Aisha Al-Qimlass, a doctoral candidate in counselor education, recently received a $16,000 grant from the Kuwait Foundation for the Advancement of Sciences. The grant will help fund Aisha’s dissertation research, “Islamic Feminism and the Career Development of Kuwaiti Women.“ We asked Aisha to tell us more about her research and her experiences at NC State.
Tell us more about your project, “Islamic Feminism and the Career Development of Kuwaiti Women.” What piqued your interest in this topic?

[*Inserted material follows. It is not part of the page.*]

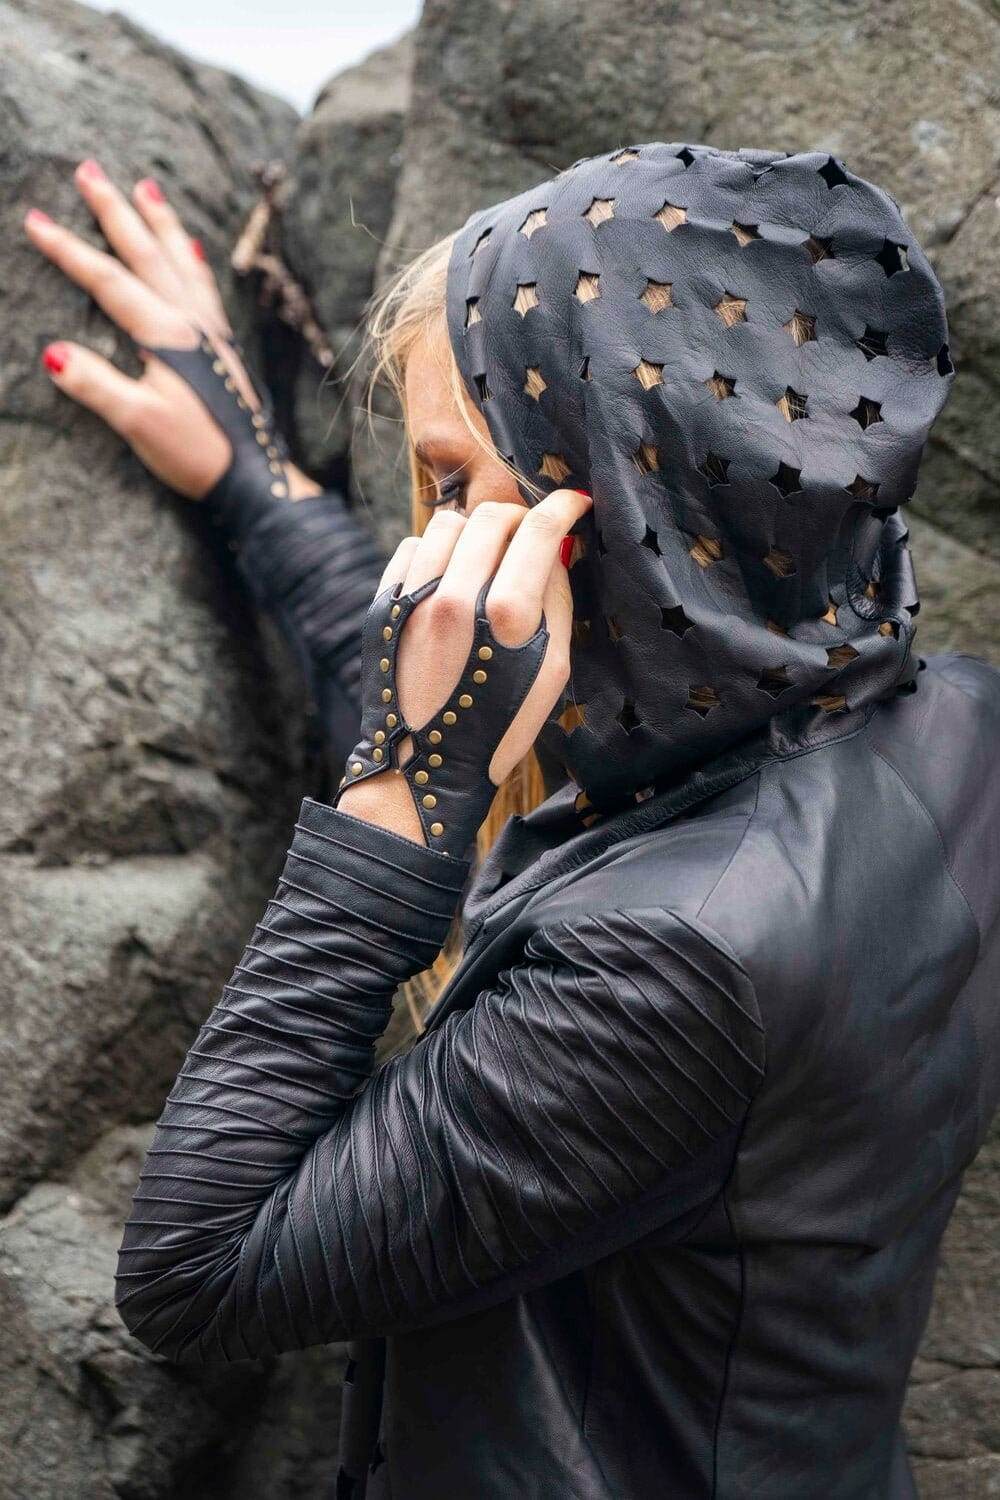 Womens Fingerless Leather Gloves by Love Khaos

I was taking an inter-institutional course at Duke, in their Asian and Middle Eastern Studies Department, and came across the term “Islamic Feminism.” Even growing up in a Muslim country, I was not familiar with this term or type of feminism in the least. As I delved more into it, with the help of my NC State advisor and instructors at Duke, I found that it was something that I was extremely interested in and felt a connection to. Prior to this discovery, I was interested in Kuwait (the country I am from and grew up in), and the way that the society there has developed. I was particularly interested in how a traditional culture can incorporate modern societal elements, values, etc. without losing their identity. Islamic Feminism helped to crystalize this interest because I recognized that studying women’s gender identity development would be a good way of taking a deeper look at the mix between modern and traditional elements of a culture and society. From there, I also determined that women’s career development was a more tangible way to study gender identity. Overall, my research aims to explore Kuwaiti women’s career development, as a function of their gender identity.
How does this research project relate to your studies in counselor education?

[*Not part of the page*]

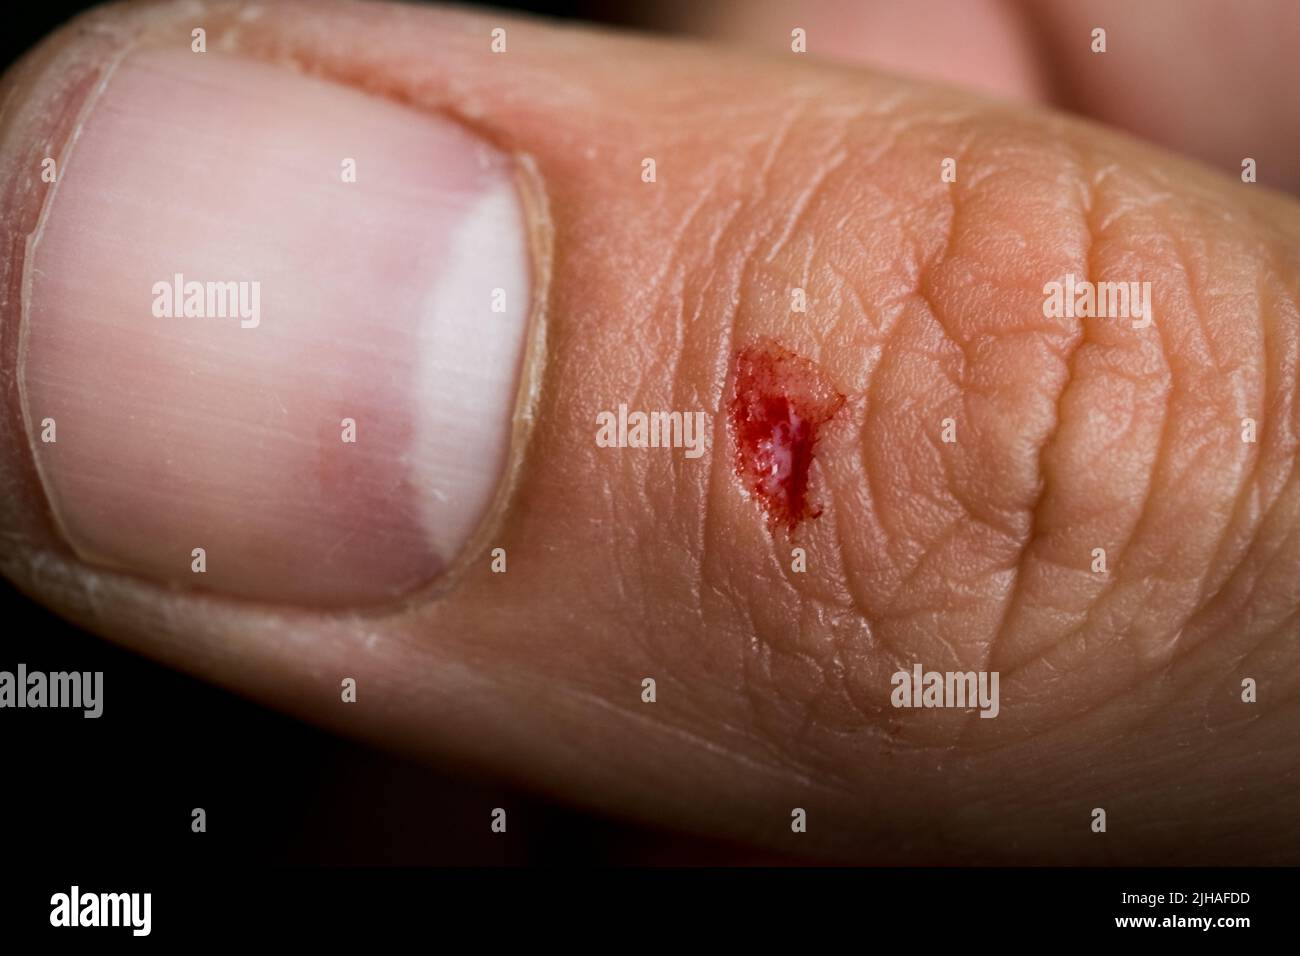 https://c8.alamy.com/comp/2JHAFDD/close-up-shot-of-a-small-and-deep-wound-on-a-thumb-2JHAFDD.jpg

Career development and education is an easy and natural way for individuals to seek counseling services, in a non-threatening manner. Even in my clinical practice, issues related to career tend to materialize in sessions that may have originally been focused on anxiety, depression, etc. Furthermore, being a counselor educator means staying current with various counseling trends. One such trend that I am passionate about is the globalization of counseling. Within the context of this globalization, my research project will deduce whether career theories developed in a Western context can be applied to a non-Western community.
Tell us about the grant you received in April. How has your research progressed with the additional benefits of the grant?
The grant I applied for and received is through the Kuwait Foundation for the Advancement of Sciences. This foundation sponsors research related to science, technology and education to build and promote a knowledge-based economy in Kuwait. With their support, I will be able to utilize services (e.g. software, translation, etc.) that will bolster the rigidity of my research. Additionally, I will be able to travel to Kuwait and conduct my research in a face-to-face environment.
Why is active participation in research important for students pursuing degrees in education?
As educators, is it our responsibility to stay current on various issues and topics that are being studied and advanced. More importantly however, it is important for educators to understand research and apply it to their real world. In this way, active participation of students in research allows for a hands-on approach to becoming familiar with all the components of a research project, in a way that makes us more confident in our abilities to have opinions on and critique published research in our field.
Why did you decide to pursue a doctoral degree at NC State’s College of Education?
More than anything else, I knew that I wanted to do more than what a master’s level clinical degree would allow me to do. As my time in the program has progressed, I found that I am more and more confident in my decision to seek a doctoral degree because it is allowing me to become more involved in more macro-level avenues for change, advocacy, and social justice.